The Bad: I’ll admit that some of the acting is a little forced and some of the characters can be annoying, but come on–it’s the 70’s.
Closing: This is the movie that started it all; the movie that brought the slasher genre to the mainstream. If you haven’t seen this, you owe it to yourself as a patriotic American to see it. And there’s no better time to watch it than right this instant.
Buy or stream Halloween from Amazon
Halloween II (1981)
Picking up right where the first one left off, Laurie is sent to a hospital to recover from the injuries Michael Myers gave her in the first movie. Unfortunately for her, Michael tracks her down at the hospital. Unfortunately for him, Dr. Loomis follows.
The Good: If you like the first one, you’ll like this one. Same actors, same music, lots of kills. What more could you ask for?
The Bad: The whole movie takes place in a hospital, so if you’re looking for the Halloween feel, it’s lacking.
Closing: I really like the fact that this takes place right after the first one and doesn’t try to do anything too fancy. In fact, the two almost run together as a single movie. To me, this is how a sequel should work. Otherwise you have Halloween 6, or even worse, Halloween: Resurrection, but we’ll get to those in a little bit.
Buy or stream Halloween II from Amazon
Halloween III: Season of the Witch (1982)
The Halloween series tried taking a new direction with this film and made it without Michael Myers. Instead, it was about a costume making company that planned to kill millions with a traps set in their masks.
The Good: It’s really not as bad as it sounds. The movie’s got an interesting concept and if you take the Halloween label of it, it would make a pretty good B-Movie popcorn flick.

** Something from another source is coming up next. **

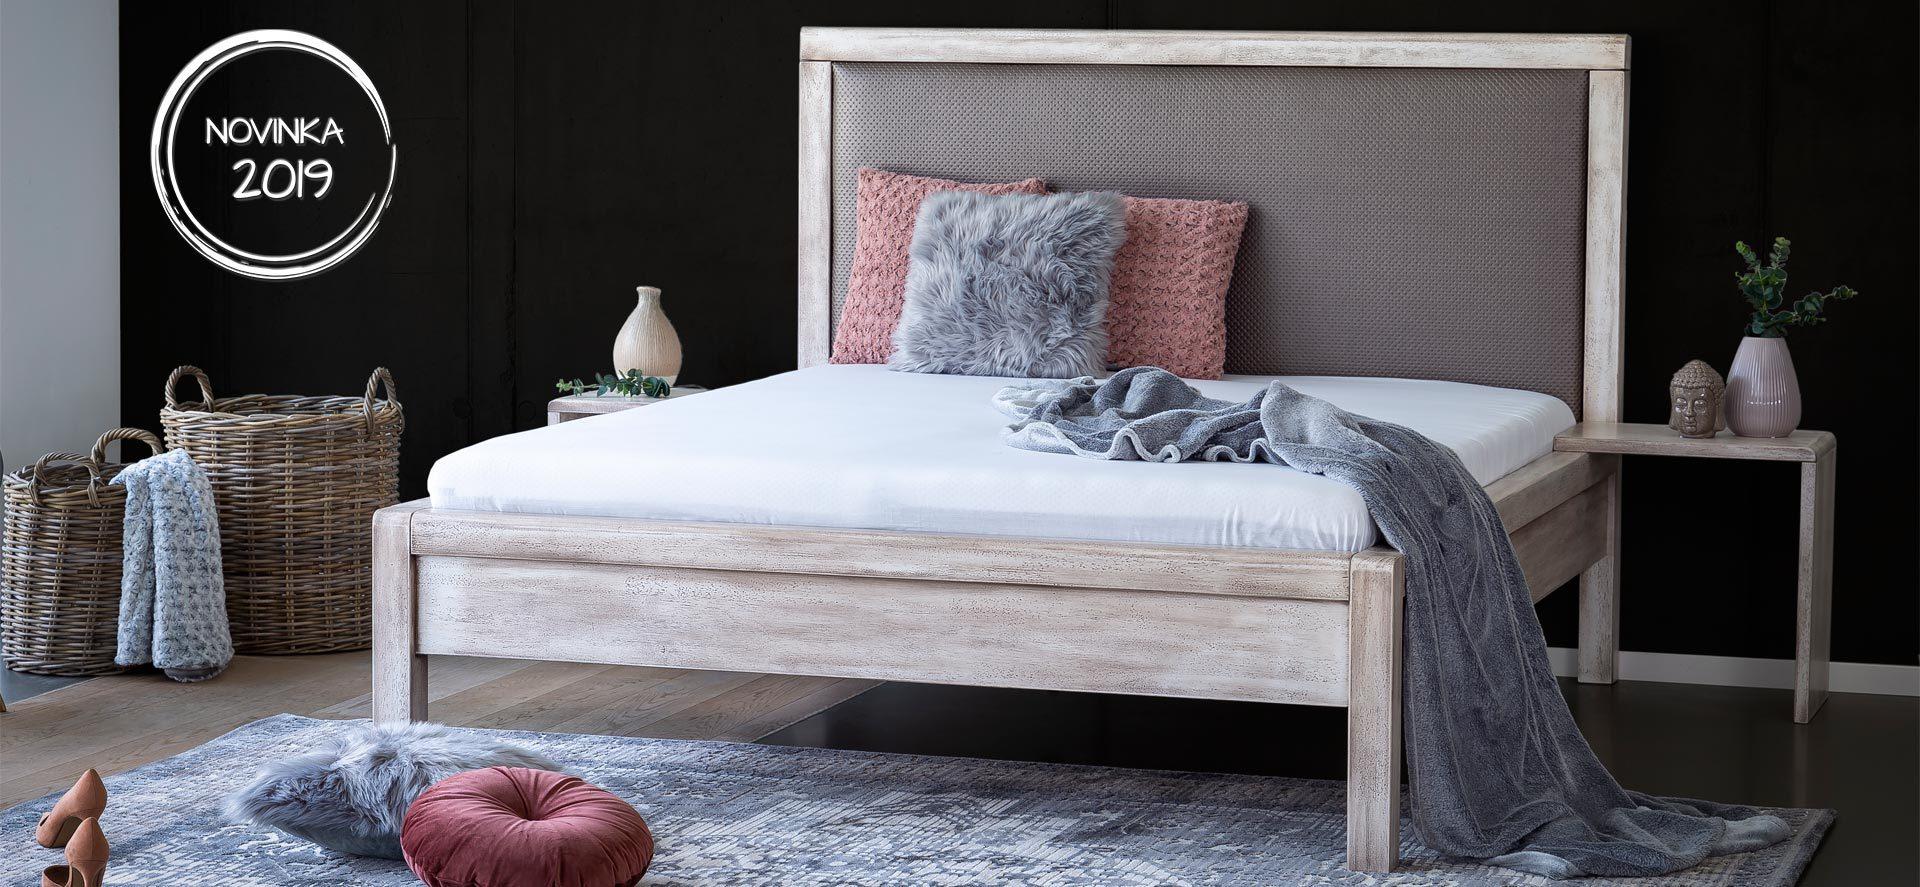 Tato luxusní masivní postel s vysokým čelem je určena pro vysoké matrace. Exklusivní povrchová úprava patinováním je naší luxusní novinkou pro letošní rok.

The Bad: Besides the obvious fact that the story didn’t involve any of the previous characters, this movie did have plenty of flaws. The most glaring is this. They play the song continuously throughout the movie and once it gets stuck in your head, only something as awful “Blurred Lines” can chase it out. (But if you want my opinion, I’d rather hear “8 more days ’till Halloween” on repeat for eight straight days than subject myself to even three minutes of Robin Thicke.)

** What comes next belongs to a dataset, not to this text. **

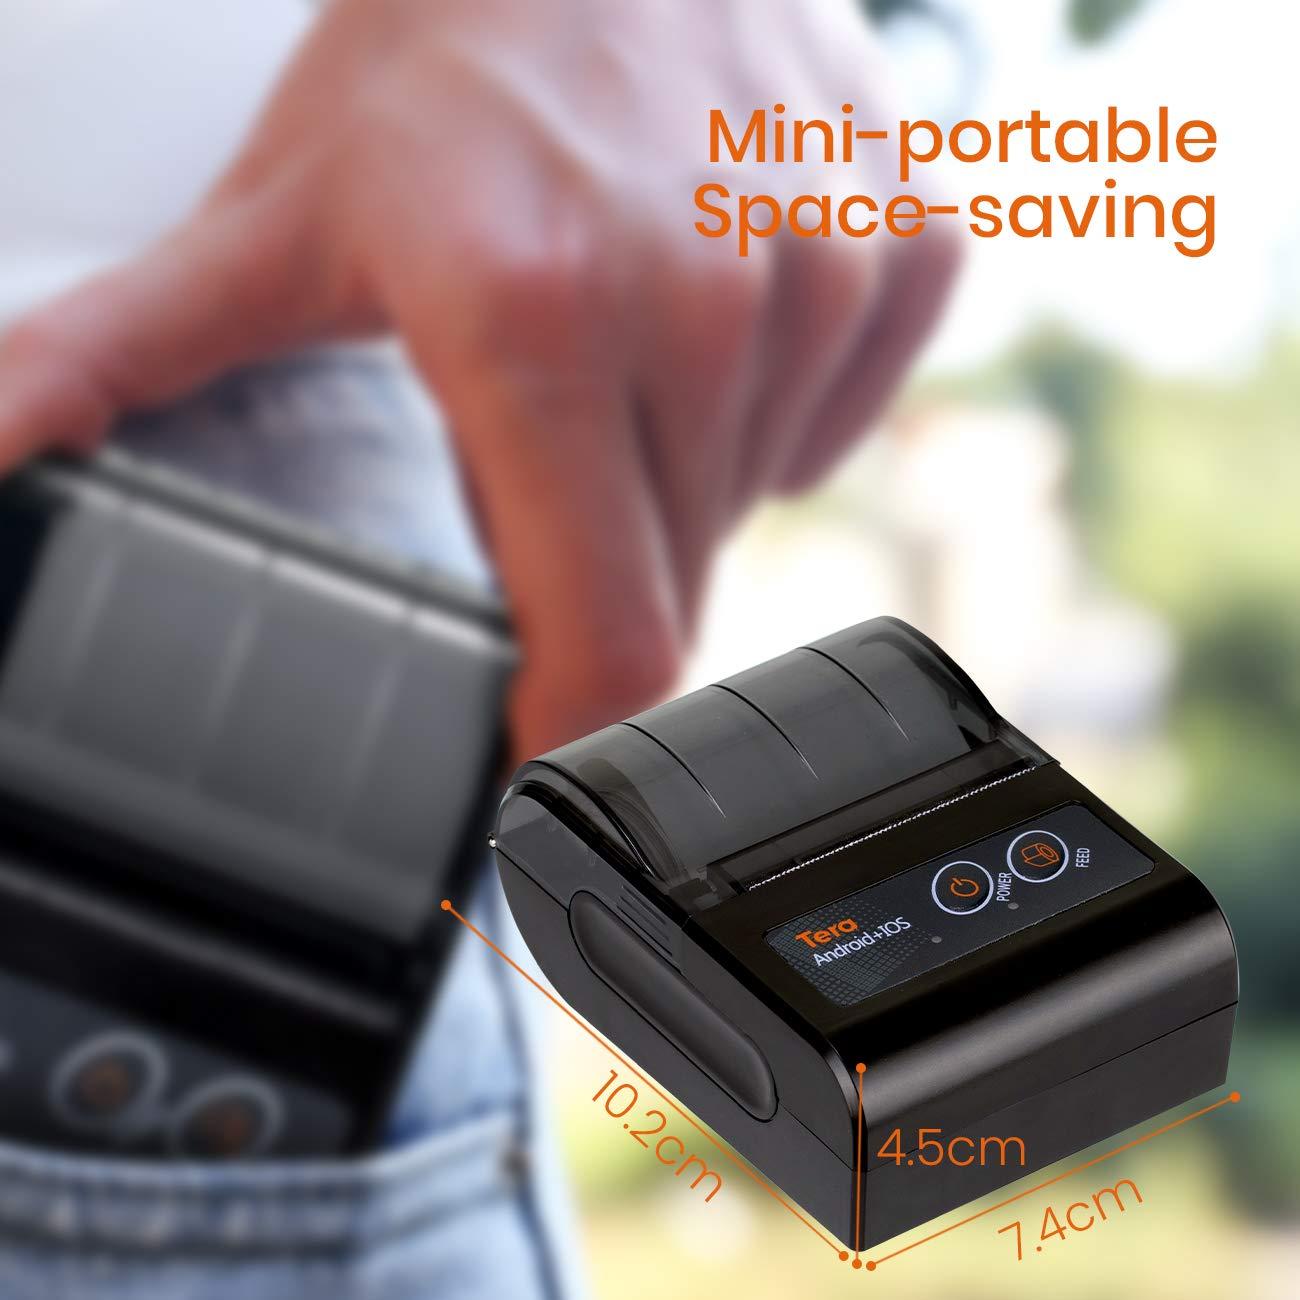 Mini Impresora Inal/ámbrica Bluetooth 4.0 con 2 Bater/ías Recargables Compatible con Android iOS Tera Impresora T/érmica Port/átil de Recibos

Closing: This gets a really bad reputation because of no Michael Myers, but it’s not the worst Halloween movie in the original series. In fact it’s not even next to last on the scale. It’s better than parts 6 and 8. Go ahead and watch this if you need a silly background movie to put on while you’re handing out treats tonight.
Stream or buy Halloween III from Amazon
Halloween 4: The Return of Michael Myers (1988)
Michael Myers is back and this time it’s to chase after a new relative, his eight-year-old niece, Jaime Lloyd (played by Danielle Harris). Donald Pleasence returns as Dr. Loomis to track down the killer.
The Good: This is a fun slasher film. Coming out ten years after the first one and following a decade of Freddy and Jason, you won’t see anything in this that you haven’t already seen in a dozen other horror movies, but that’s okay; it’s Michael Myers being Michael Myers and bringing up his body count. Donald Pleasence is still great in his role and Daniell Harris is good in hers. So good you won’t even notice the lack of Jamie Lee Curtis.
The Bad: One problem with this movie is that it takes Michael Myers down the path of becoming a Jason clone, which is pretty ironic, because Jason started out as a Michael Myers clone. This can definitely come off as a generic slasher film, so if you’re not in the mood for one of those you might want to avoid it.
Closing: If you only watch three of the ten Halloween movies, watch 1, 2, and 4. It serves as a good follow-up to part 2 and it’s ending is good enough to forget that parts 5 & 6 even happen.
Buy or stream Halloween 4 from Amazon
Halloween 5: The Revenge of Michael Myers (1989)
Shock of shocks, Michael didn’t really die in part 4. He actually stumbled into a river, fell into a coma, and lived with a hermit in a comatose state for a full year. He awakes on October 30, killing the hermit who took care of him (of course) and sets off to Haddonfield to take care of the unfinished business with his niece.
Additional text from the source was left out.